What can bring down house prices and rates?

What could bring house prices and rates down? According to my friend Jay Vorhees at JVM Lending, it could be something called “monetary tightening,” or an experiment conducted by The Fed to infuse the economy with cash. Basically, what Jay is getting at, is that you’ll never know exactly when to buy or sell (or when a market dictates that decision), and that assuming you know the market intimately trying to time the market may be a mistake. Read on for more from our slightly-edited version of Jay’s blog:

Dude Sells Too Soon!

I was at a graduation party yesterday and the host told me how his law partner sold his Silicon Valley home two years ago because he was convinced the market had peaked.

It hadn’t. The poor guy’s former home has gone up another 20% since he sold, and so has his rent. The host made the further point that people should never try to time a market they are not intimately familiar with.

I like to remind everyone that nobody should ever try to time a market, no matter how much they know, because there are so many variables they have no control over – especially when those variables involve the Fed.

Elephant in Room: Monetary Tightening

There is a huge elephant in the room that nobody is talking about: Massive Monetary Tightening via Higher Rates and Quantitative Tightening.
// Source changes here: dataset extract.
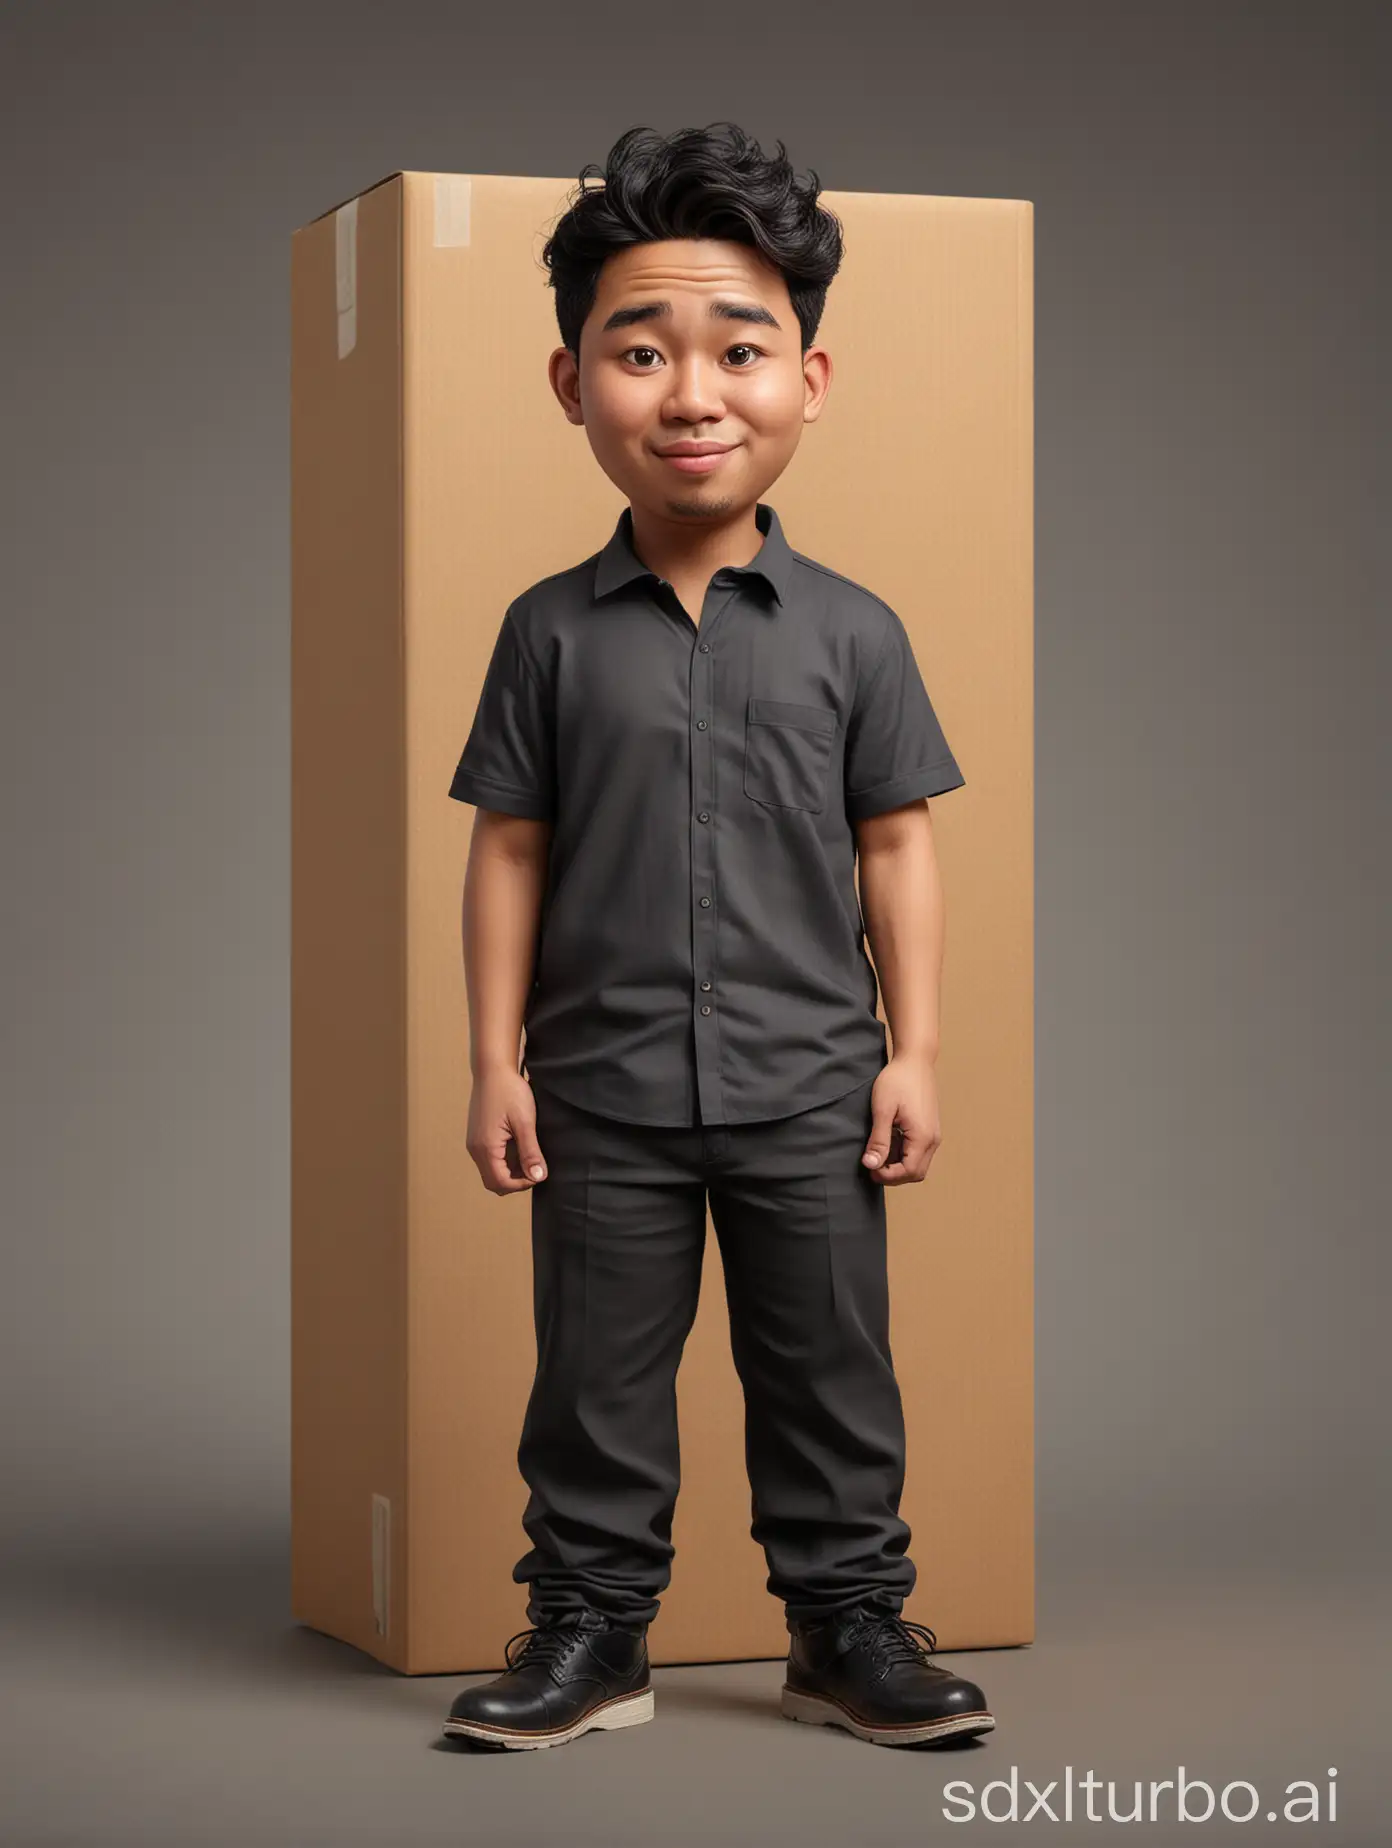 4d caricature of 26 year old Indonesian man, round face, chubby, short wavy hair, wearing a shirt and black trousers. Wear black shoes. with brown box packaging. big head, realistic

After the meltdown, the Fed engaged in a massive experiment known as Quantitative Easing, where the Fed bought trillions of dollars of government bonds and mortgage-backed securities. These bond purchases increased the money supply by flooding financial institutions with cash in an effort to increase lending and liquidity. The Fed also lowered the rates to unprecedently low levels.

The low rates and huge capital infusion pushed up asset prices, particularly with respect to stocks, bonds and real estate. This is what usually happens when the Fed increases the money supply, and this is partially why we see such high asset prices now. Many people believe high prices are just a function of too much demand chasing too little supply, but that is not always the case.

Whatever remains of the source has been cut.